As such, tracking these seasons from “where did they start” to “how did they end” is probably the best way to rank them. This one had a memorable start (post-murder) and and an equally memorable finish (Nancy saving her family by getting arrested); this was the one where they holed up with hilarious-creeper-Richard-Dreyfuss, in a how-did-they-convince-him-to-do-this performance.

#4: Season 1: We All Watched It on DVD

I began watching Weeds on television regularly during its third season, so I watched the first two initially on DVD, where, as mentioned earlier, this show really shines. Season 1 is light in tone, and it lays the groundwork for many of the themes and issues that the series explores in later seasons. The recent death of Nancy’s husband lends some emotional weight to the episodes, though they lack the real sense of dangerous that permeates proceedings beginning in Season 2. Like many other series, Weeds uses its first season to work the kinks out, and set up the tone and pacing for its best years, Seasons 2-4.

#3: Season 4: When They Ran Out of Bands to Sing the Theme Song

This is the season where Nancy and her family are running drugs back and forth across the Mexico border.

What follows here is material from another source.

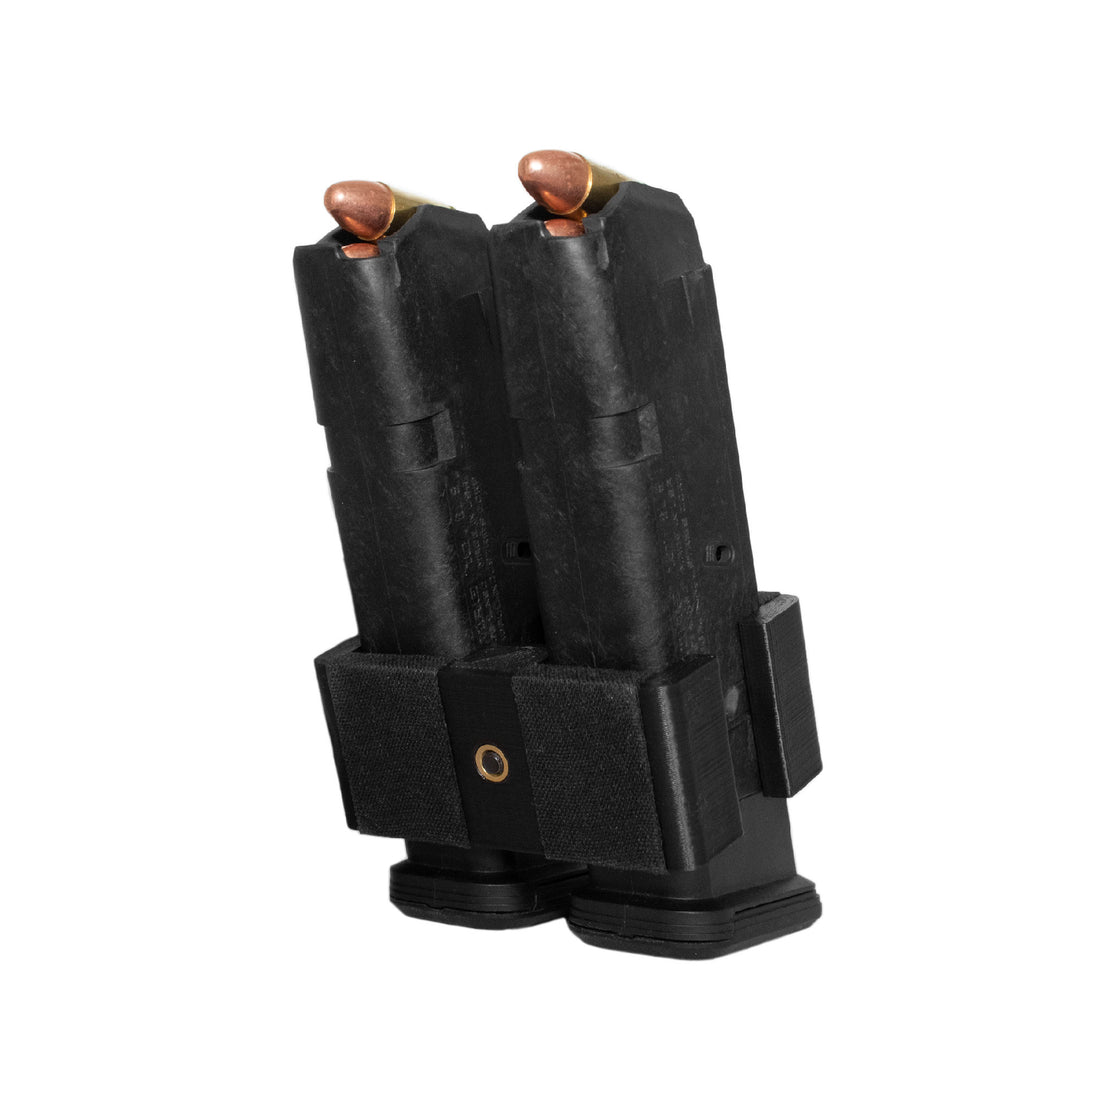 Glock Mag Coupler (9mm/.40) - Oscar Delta Co.

It Weeds’s most successful season away from Agrestic, the suburban town in which the first three seasons are set and from which the Botwins must flee at the beginning of the season after Nancy burns down their house. It’s funny throughout, and most of the major storylines click.

#2: Season 3: Lots of Drug Deals

Seasons 2 and 3 chronicle the increasingly violent (though still funny!) ramifications of Nancy’s involvement in the drug business. Romany Malco’s performance as Conrad is a high point, and he has terrific chemistry with Parker, which would be sorely missed in later seasons. Tropes which would later be overused (Nancy is reckless, men will do whatever she wants, her kids are obsessed with her) are at their best here.

#1: Season 2: The One Where She Dates the DEA Agent

This is the most memorable and most successful season of Weeds. Before characters like Elizabeth Perkins’s Celia Hodes and Kevin Nealon’s Doug Wilson felt extraneous, and after the growing pains of the first season, Weeds here explored its essential storyline. In her relationship with a DEA agent investigating the drug business in Agrestic, Nancy best explores the tension that fuels her character. The finalé is filled with double-and-triple crosses that probably make sense to somebody, but it really is all about the success in tone, the execution of various plots, and the surfeit of enjoyable characters, most of whom would be written out of later seasons.

For anyone who has slogged through piece this without ever watching Weeds… first, congratulations! Second, I would encourage it for Netflix-or-something-else marathon viewing. Weeds no way an essential series, but it does many of the things that you want a comedy to do. It’s not as funny or as smart as the best of comedies, but, like Nancy Botwin, there is something about the show that you just can’t quite shake.